Pierre-Jean de Béranger
Béranger, Pierre-Jean de (1780-1857). Poet and songwriter. The son of a fairly humble Parisian family, he worked as a printer before obtaining a pension from Lucien Bonaparte and a clerical post in the University. He lost his post and was twice imprisoned under the Restoration on account of his songs. His first publication was Chansons morales et autres (1815), containing the anti-Napeolonic ‘Le Roi d'Yvetot’; this was followed by several more collections, the last being Chansons nouvelles et dernières (1833), with an important preface.
Béranger, who was much admired by Stendhal and Goethe, was honoured at his death as a national poet. His witty, good-humoured poems and songs crystallized myths of the French rural past, of French popular mentality, and of Bonapartism and spoke to the needs and aspirations of a wide range of readers at specific moments in history. His anticlericalism and anti-royalism placed him in the central tradition of liberal republicanism and made of him an exemplary opponent of the Restoration, his imprisonment further serving to enhance his legendary status.

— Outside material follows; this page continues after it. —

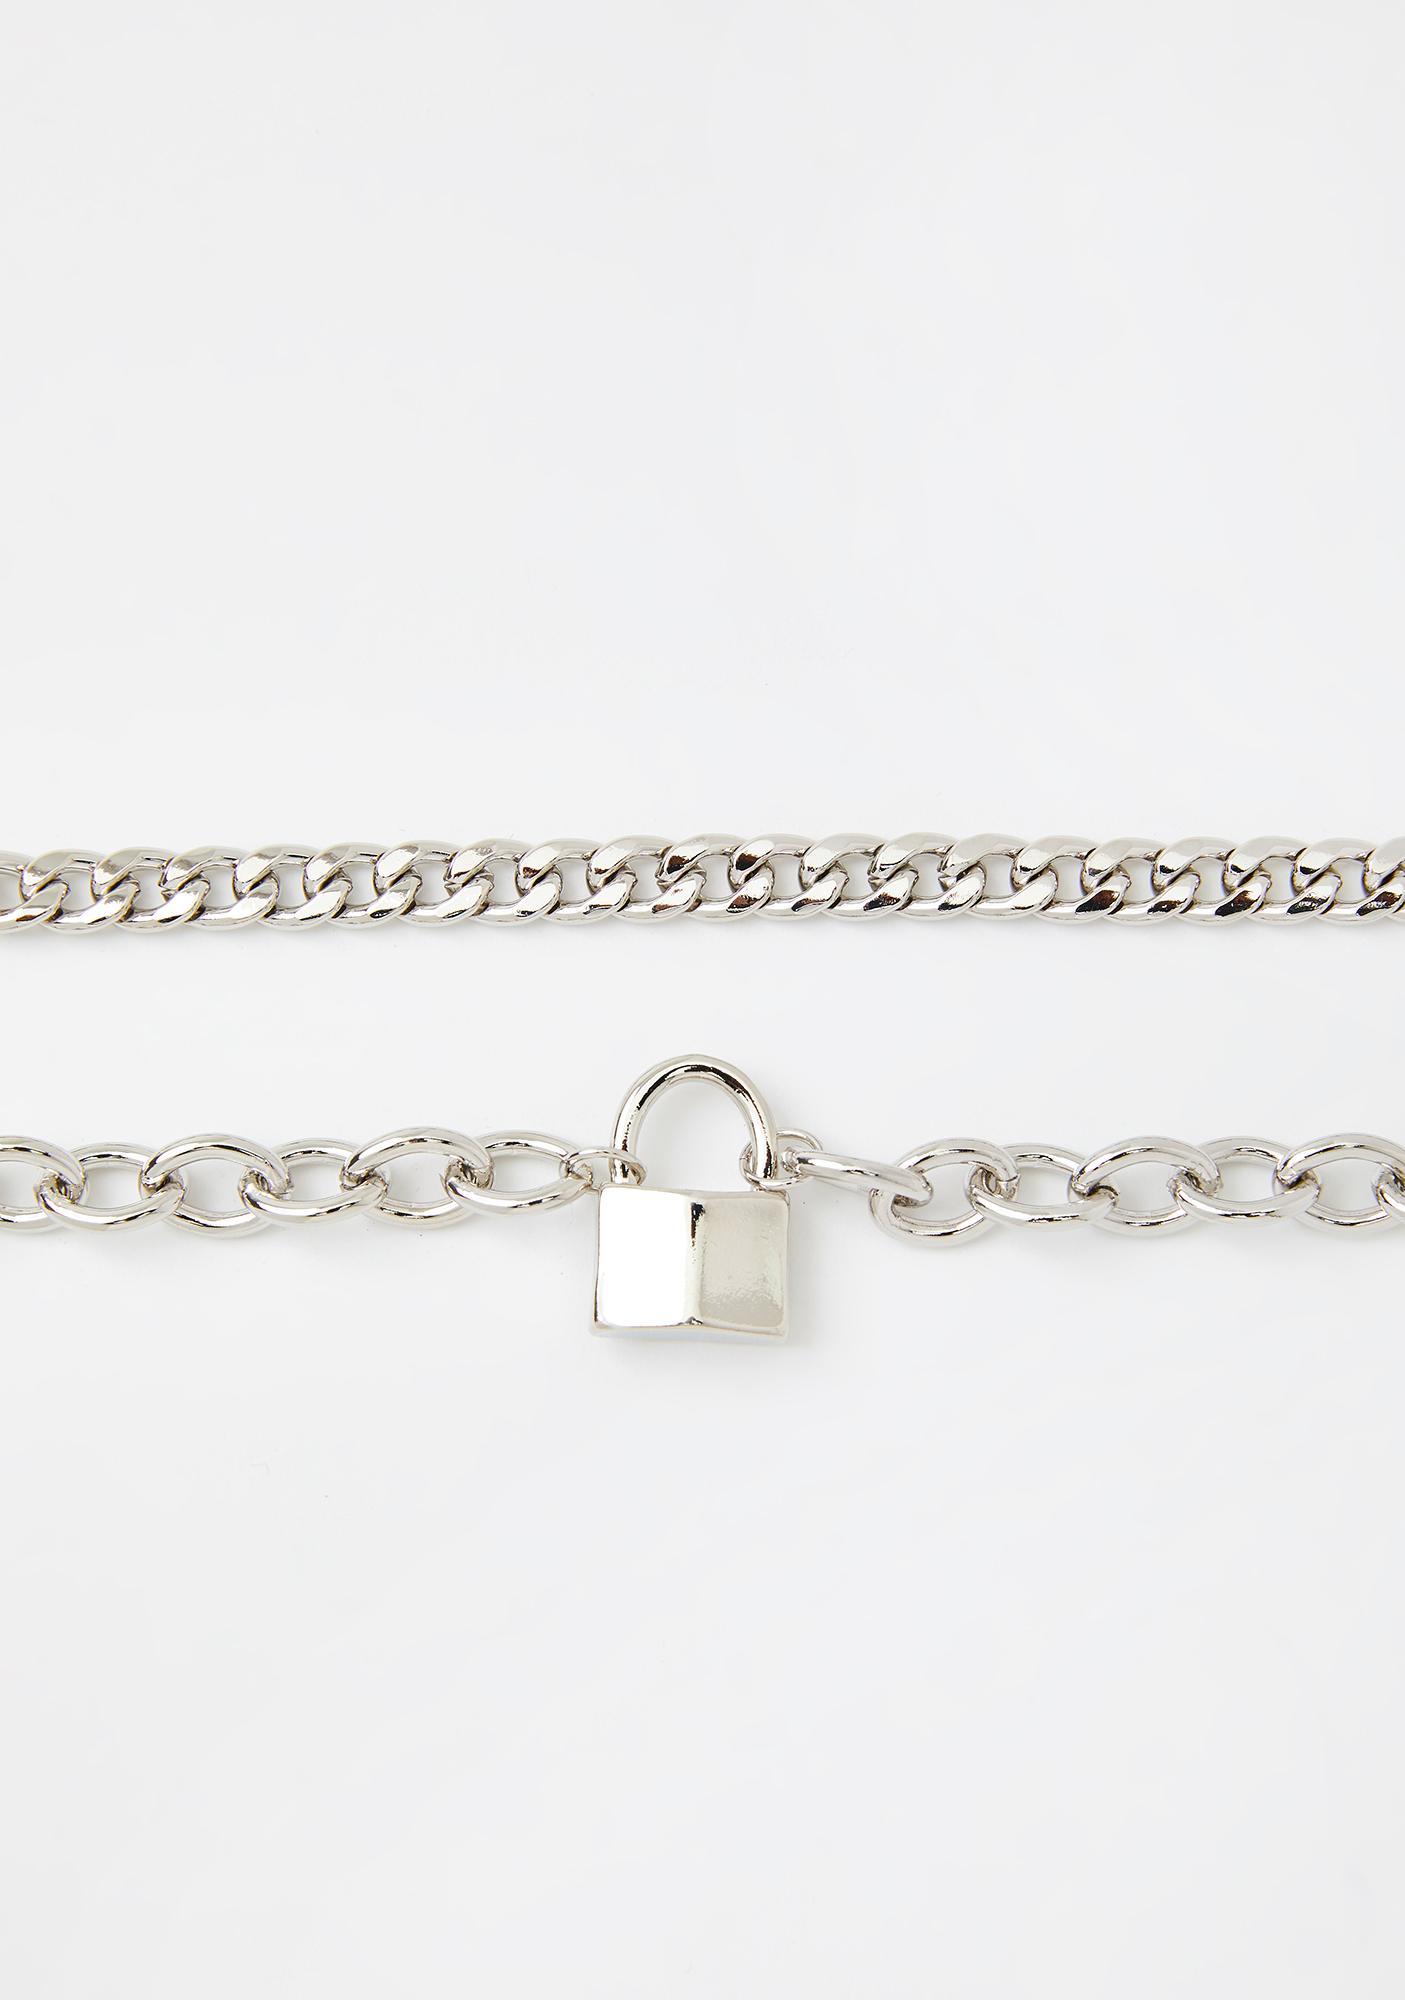 Subtle Intentions Lock Necklace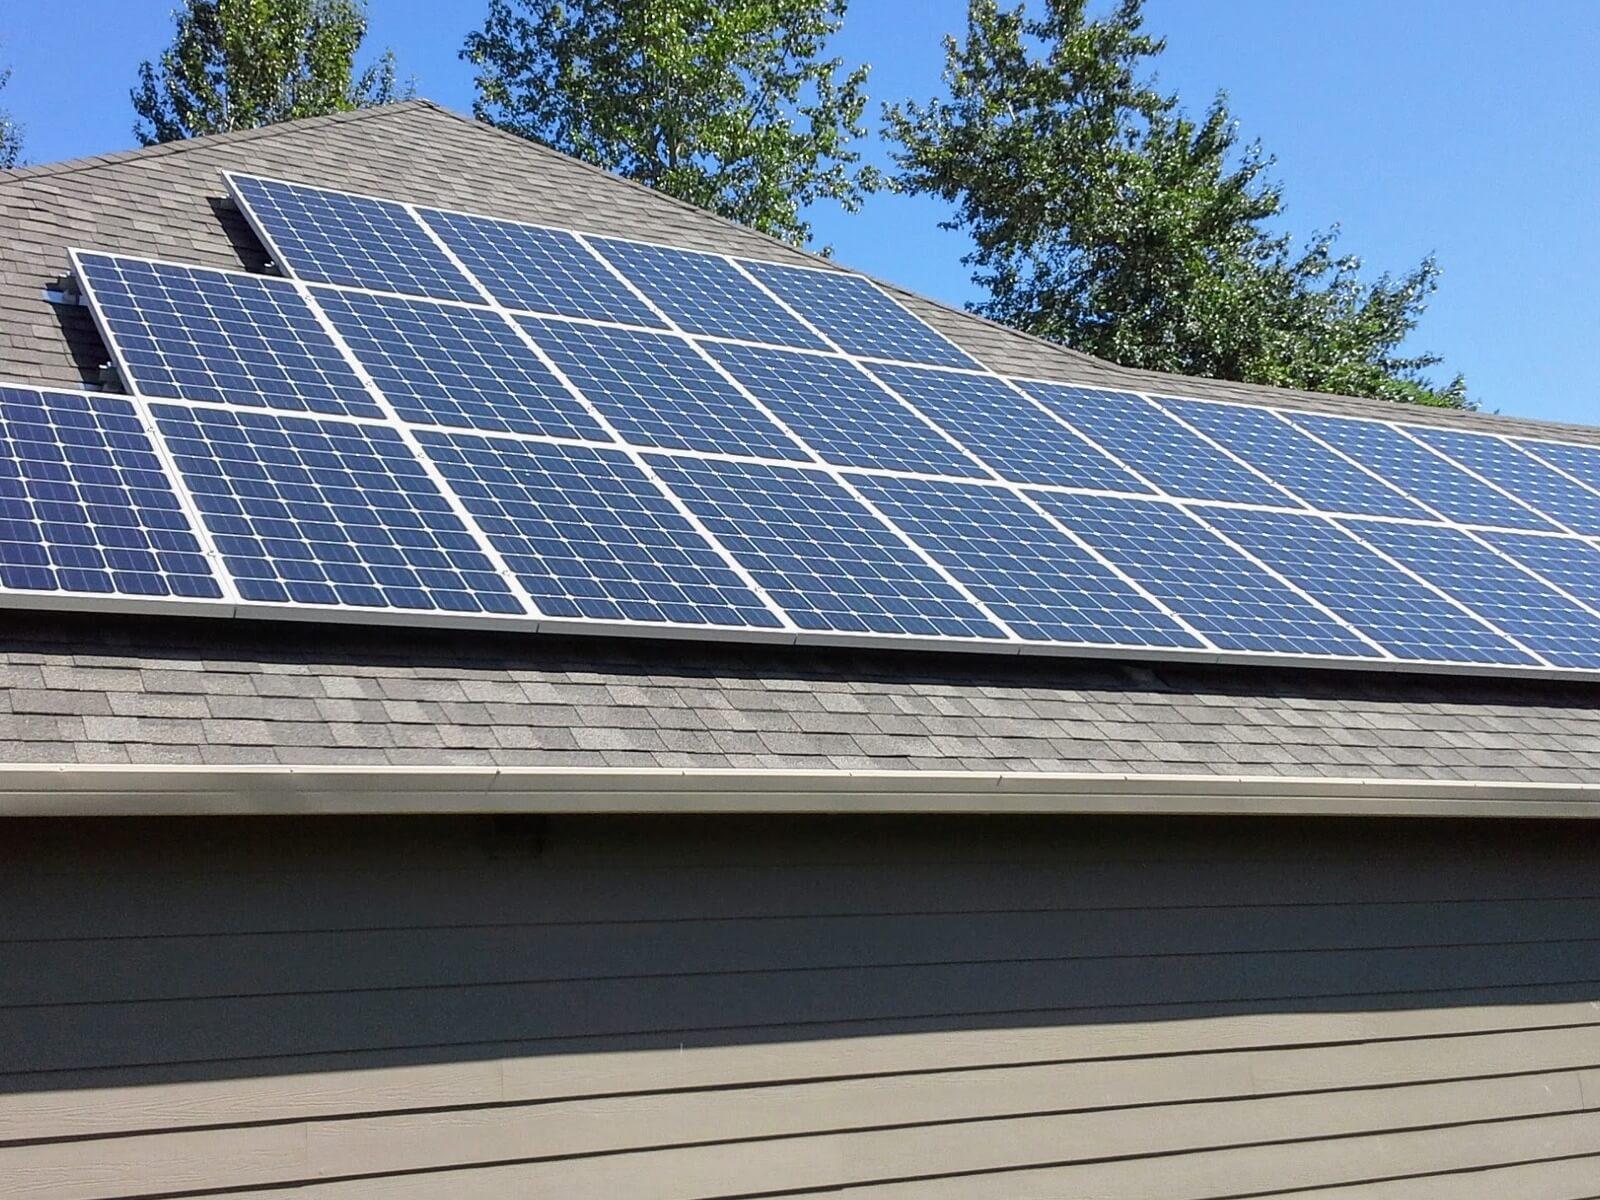 solar energy system on home.jpeg

It is generally accepted that his songs played a significant part in the 1830 Revolution [see July Monarchy], and they continued to have a stirring effect on working-class republicans throughout the century. However, in the eyes of avant-garde writers such as Baudelaire or Flaubert—those committed to the quest for formal perfection and the exposure of hypocrisies and pieties of all factions—Béranger was worthy only of contempt. Baudelaire poured scorn on the easy sentimentality and hearty bawdiness of his songs. The same view has generally prevailed in literary circles; Thibaudet even found Béranger indistinguishable from Flaubert's Homais. Robert Louis Stevenson has a good and much more sympathetic piece about him in the Encyclopedia Britannica (11th edn.).